I also checked the work_dir/2021-11-19_00/fmsan/runs/epa_runs/0/
but this time there is NO error in that file and also I have around 71 folders
for my subset data.
I am attaching eval.raxml.log
file for your further refrence, Please have a look at this and let me know how I should Proceed.
eval.raxml.log
Thank you very much! Vinita
Hi Vinita,
the log file from RAxML-NG looks good now! The error seems to be with gappa this time. same procedure as last time: git pull
, and re-run stage 5. Then, under results/epa_rooting/
there should be a file called gappa_examine_lwr.log
that should tell us whats going wrong. (again apologies for the bad error messages)
Pierre
Hi @Pbdas
After git pull
I again ran the 5th stage but unfortunately I don't have gappa_examine_lwr.log
in results/epa_rooting/
but have one .txt file which is outgroup_check.txt
Hi @vinitamehlawat , just letting you know I think I figured out the current issue, and I'm working on a fix
Ok, so I'm 99% sure the issue was that the call to gappa examine lwr
was simply too long for the command line to handle (more than 5k characters) due to the number of trees, and the paths being full, non-relative paths. I've made the paths relative to a working directory now, so that should be sufficient to handle it. Please pull and give it a try!
Also, it could be that the next issue will be related to the visualization using R, meaning that it may be necessary to install some packages. Note however that this visualization is not strictly necessary and you can repeat it later by simply calling the script directly, like so:
scripts/lwr_hist.r work_dir/<correct work dir>/<smsao/smsan/... etc>/results/epa_rooting/lwr_histogram.csv work_dir/<correct work dir>/<smsao/smsan/... etc>/results/epa_rooting/lwr_histogram.pdf
(fill in the correct paths)
the necessary R packages are:
ggplot2
readr
tidyr
dplyr
stringr
Hi @Pbdas
After git pull
again re-run the 5th step and encounter the following error message
Traceback (most recent call last):
File "/home/vinita/covid19_cme_analysis/./pipeline/5_epa_outgroup_rooting.py", line 86, in
This time in fmsan/results/epa_rooting
I have gappa_examine_lwr.log
file, which I am attaching for your further look up. Please have a look at this
Thanks Vinita gappa_examine_lwr.log
Hi Vinita, before I keep making you try fixes, could you tell us what kind of operating system you're using?
Also please run this command in your terminal and paste the result here:
/bin/sh --version
Pierre
Hi @Pbdas I am pasting my terminal output, Please have a look
$SHELL --version
GNU bash, version 5.0.17(1)-release (x86_64-pc-linux-gnu)
Copyright (C) 2019 Free Software Foundation, Inc.
License GPLv3+: GNU GPL version 3 or later http://gnu.org/licenses/gpl.html
This is free software; you are free to change and redistribute it. There is NO WARRANTY, to the extent permitted by law.
/bin/sh =--version
/bin/sh: 0: Illegal option --
Hi @vinitamehlawat,
sorry it took a while, but could finally reproduce the issue on my end!
Heres is what you do:
In the terminal, go to software/gappa
, then run these commands
make clean
git checkout 7398c1cdf5162fe195c9c9fafe999f15e7d5012b
git submodule update --init --recursive
make -j
Now you can try stage 5 again.
Hi @Pbdas
Thank you , I made changes as per your suggestions.

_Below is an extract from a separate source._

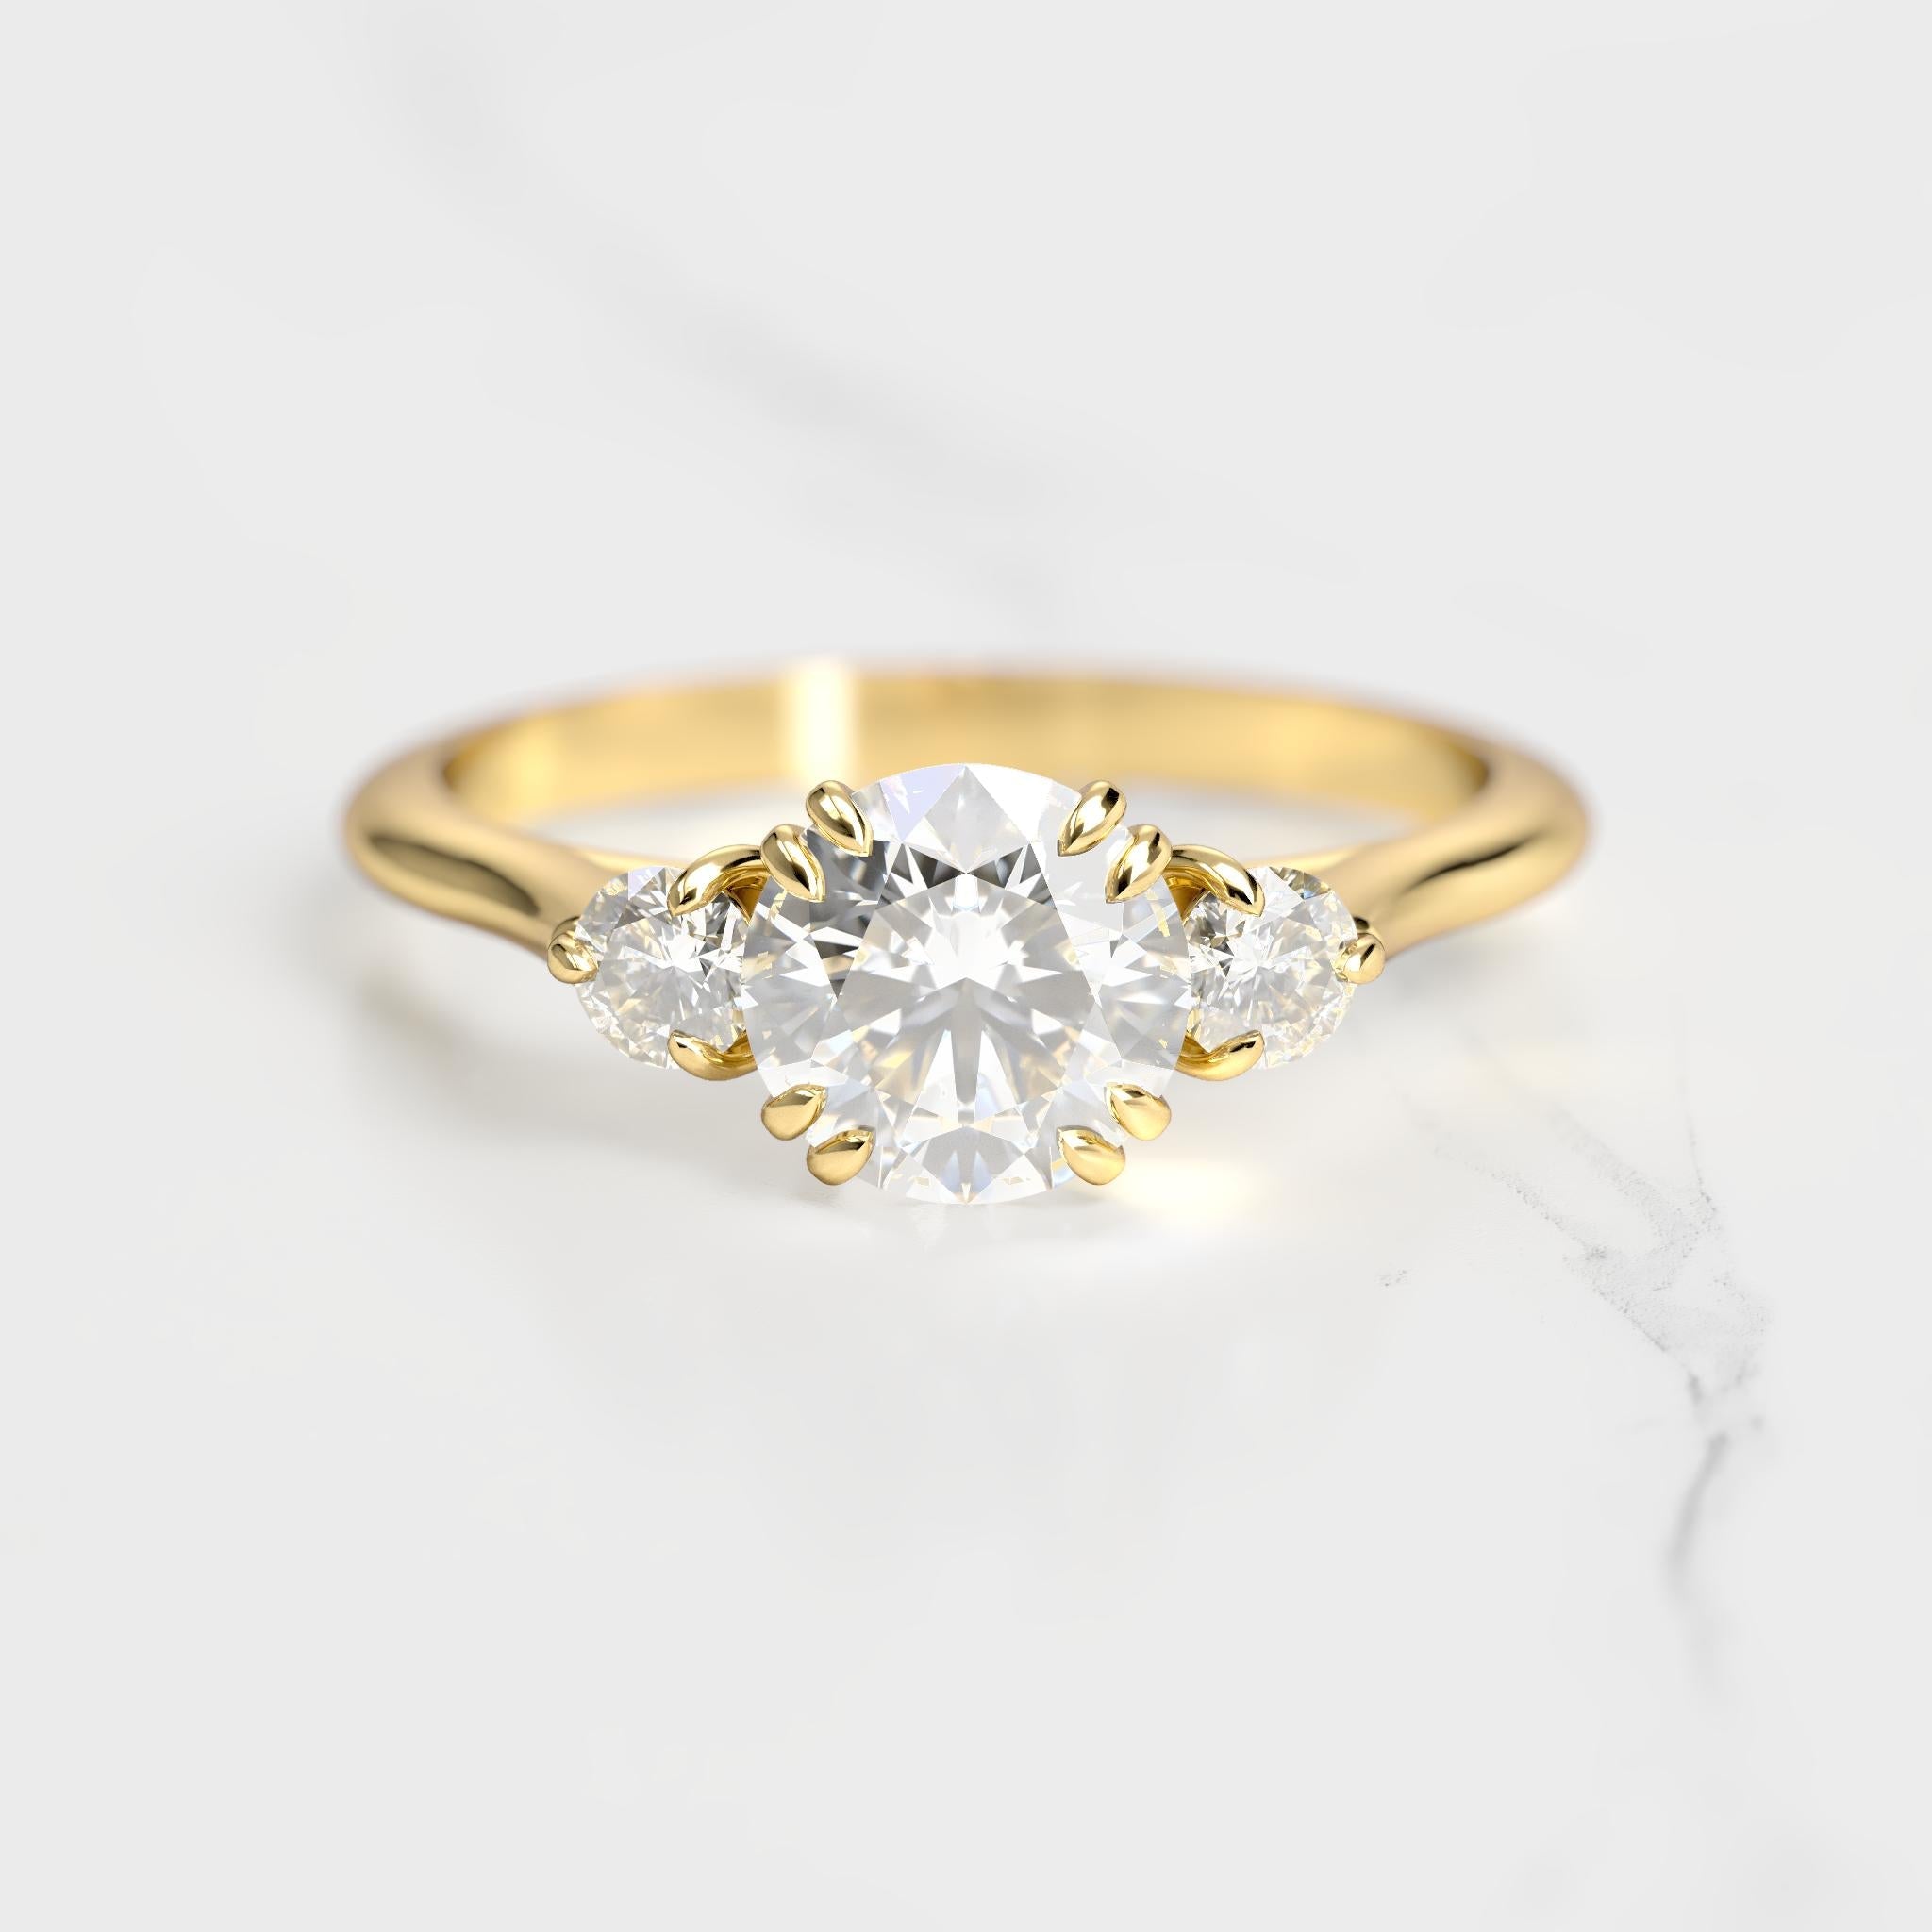 Round Diamond Ring With Accent Stones - 14k rose gold / 0.3ct / lab diamond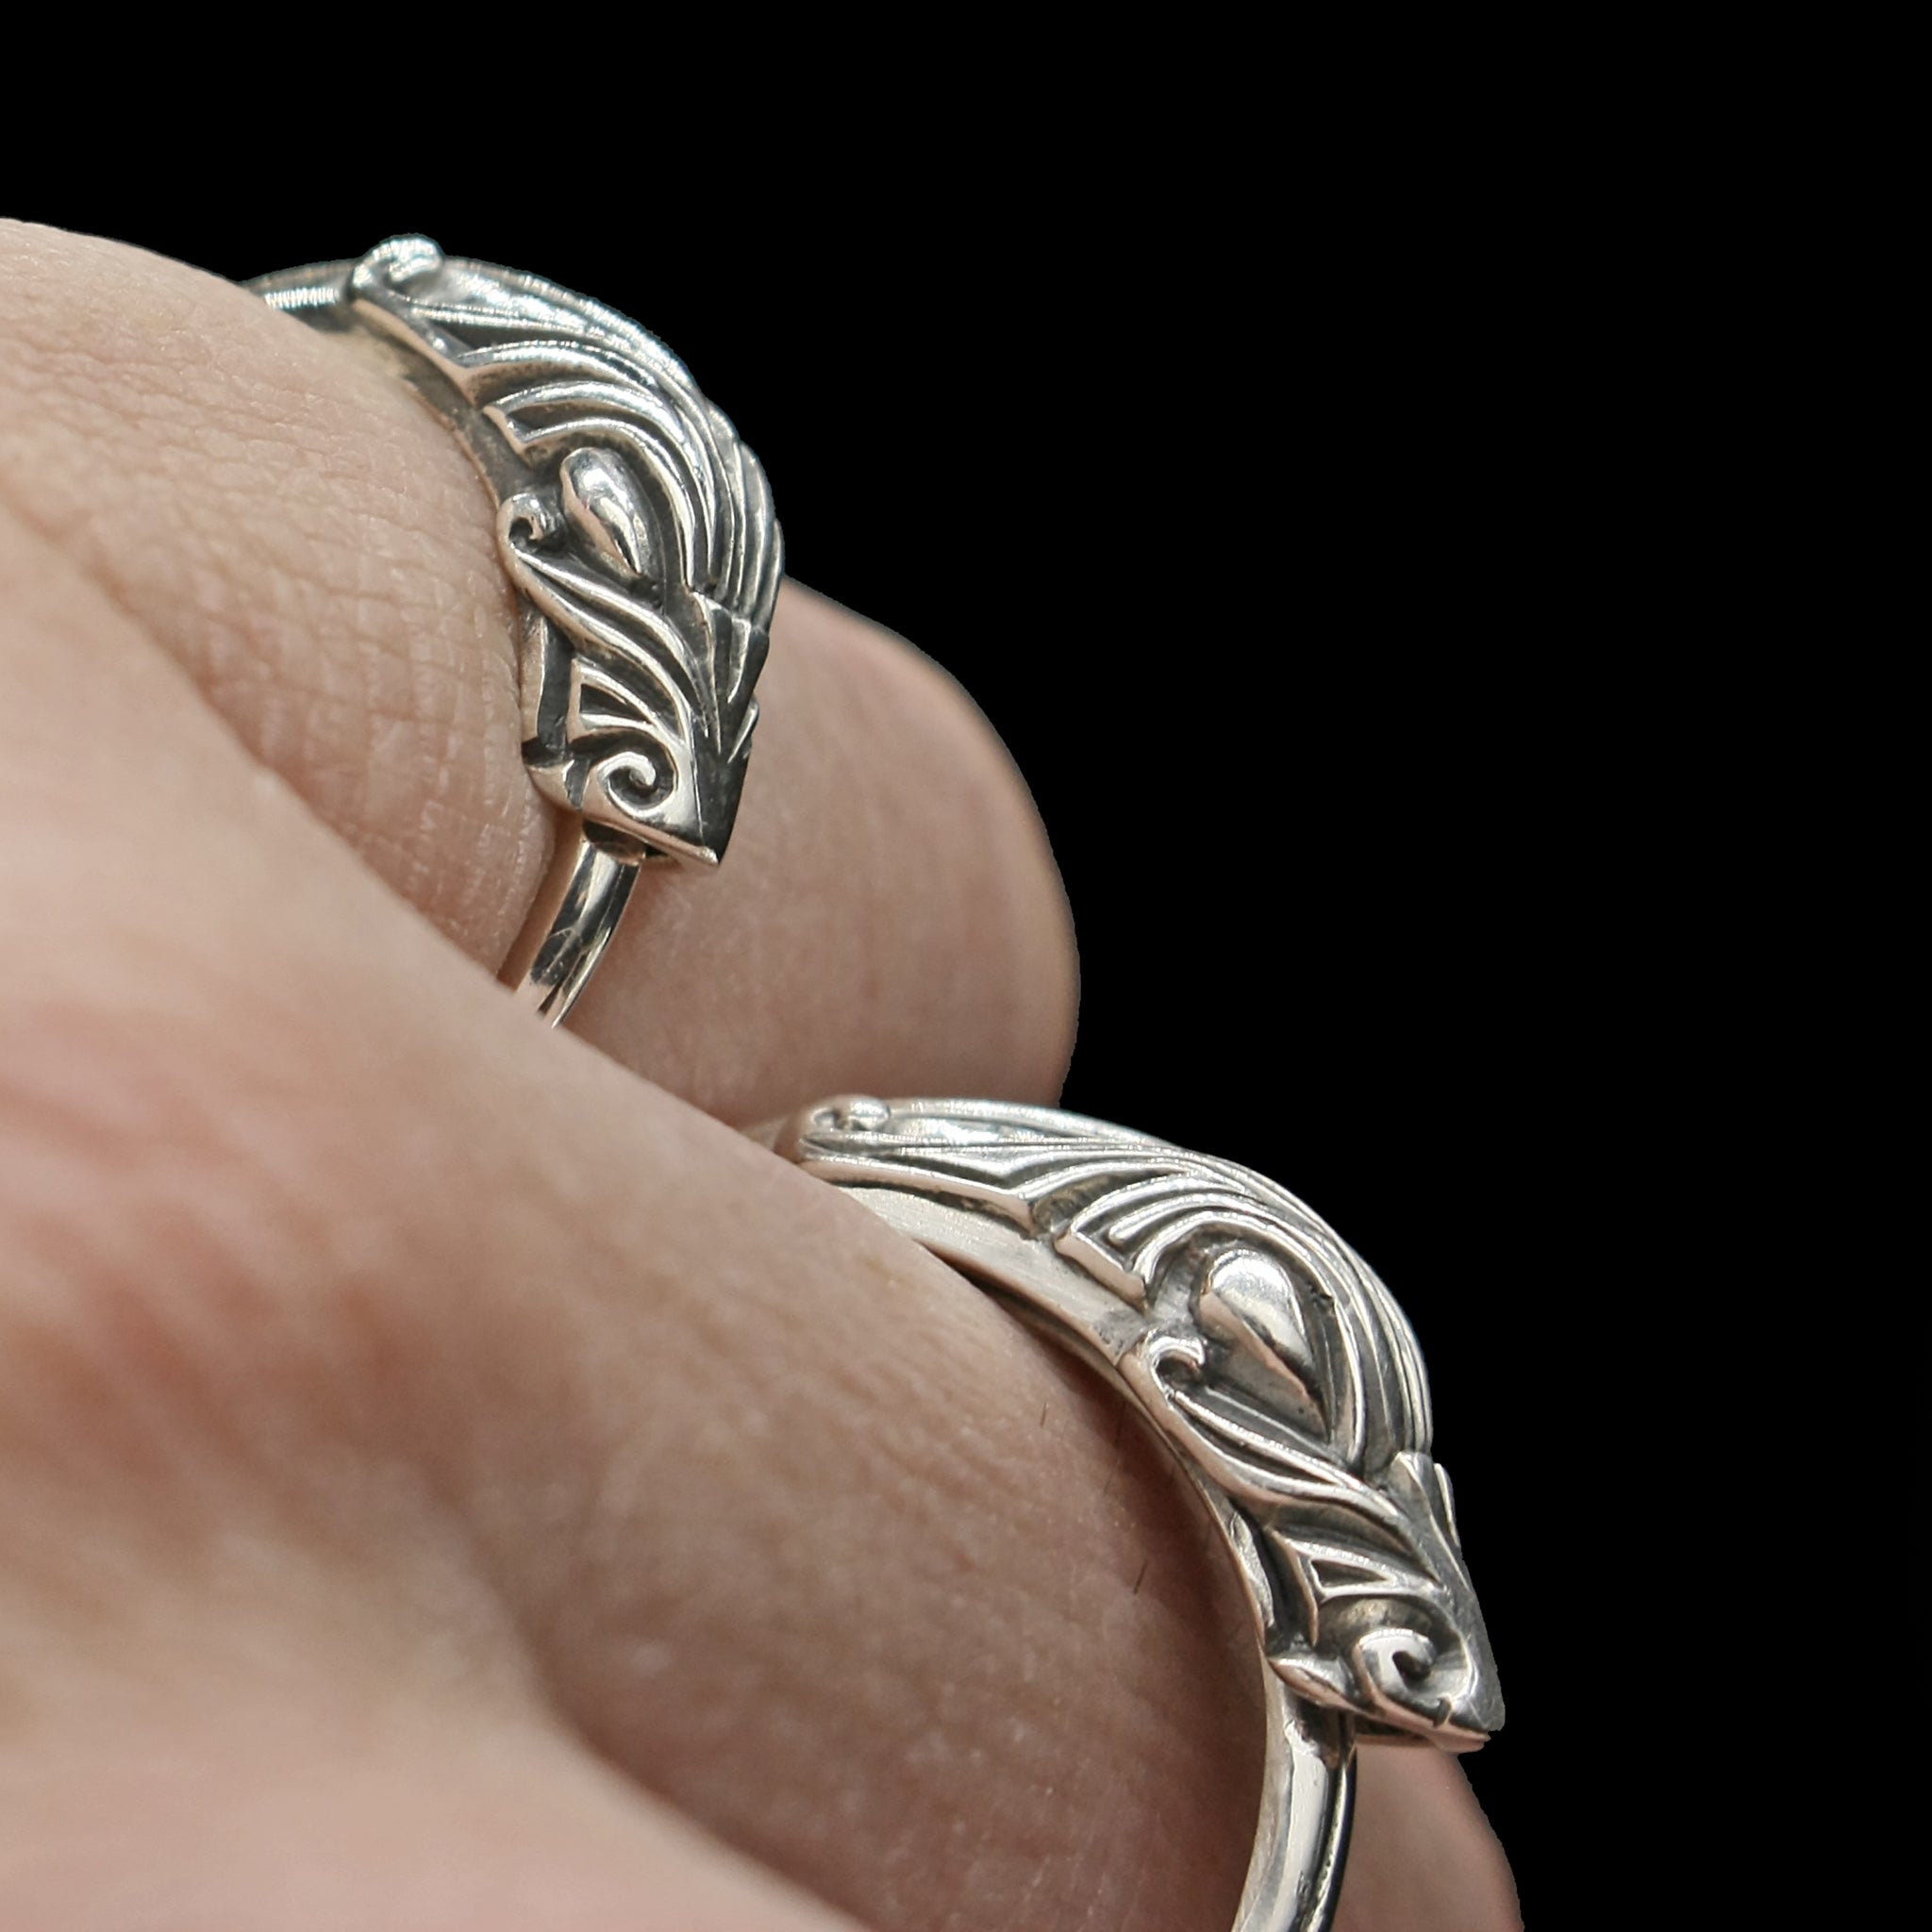 Silver Jormungandr Serpent Rings on Hand

This time this shows error for R-packages
like this
Error in library(ggplot2) : there is no package called ‘ggplot2’
Execution halted
Traceback (most recent call last):
File "/home/vinita/covid19_cme_analysis/./pipeline/5_epa_outgroup_rooting.py", line 87, in
If this error is regarding to the only R
then I will make run as you have mentioned eariler on this thread, scripts/lwr_hist.r work_dir/<correct work dir>/<smsao/smsan/... etc>/results/epa_rooting/lwr_histogram.csv work_dir/<correct work dir>/<smsao/smsan/... etc>/results/epa_rooting/lwr_histogram.pdf
But could you please look at the 6th step
error, This time I am also getting the same
./pipeline/6_root_digger_rooting.py work_dir/2021-11-19_00/fmsan/
Traceback (most recent call last):
File "/home/vinita/covid19_cme_analysis/./pipeline/6_root_digger_rooting.py", line 84, in
Thank you very much for your time and effor
Vinita
Dear Vinita,
It looks like I introduced a bug that we haven't detected. It should be fixed now. Please try to run 'git pull' and to start the analysis again. Let us know if that fixes the issue
Best, Benoit
I am little confuse, so after git pull I should run the 5th step again or the whole analysis from step 1
On Thu, 25 Nov 2021 at 5:52 PM, BenoitMorel @.***> wrote:
Dear Vinita,
It looks like I introduced a bug that we haven't detected. It should be fixed now. Please try to run 'git pull' and to start the analysis again. Let us know if that fixes the issue
Best, Benoit
— You are receiving this because you were mentioned. Reply to this email directly, view it on GitHub https://github.com/BenoitMorel/covid19_cme_analysis/issues/2#issuecomment-979167588, or unsubscribe https://github.com/notifications/unsubscribe-auth/ALJQTD3VTHSLIAZ6E3IQ54LUNYTBVANCNFSM5II5W5TA . Triage notifications on the go with GitHub Mobile for iOS https://apps.apple.com/app/apple-store/id1477376905?ct=notification-email&mt=8&pt=524675 or Android https://play.google.com/store/apps/details?id=com.github.android&referrer=utm_campaign%3Dnotification-email%26utm_medium%3Demail%26utm_source%3Dgithub.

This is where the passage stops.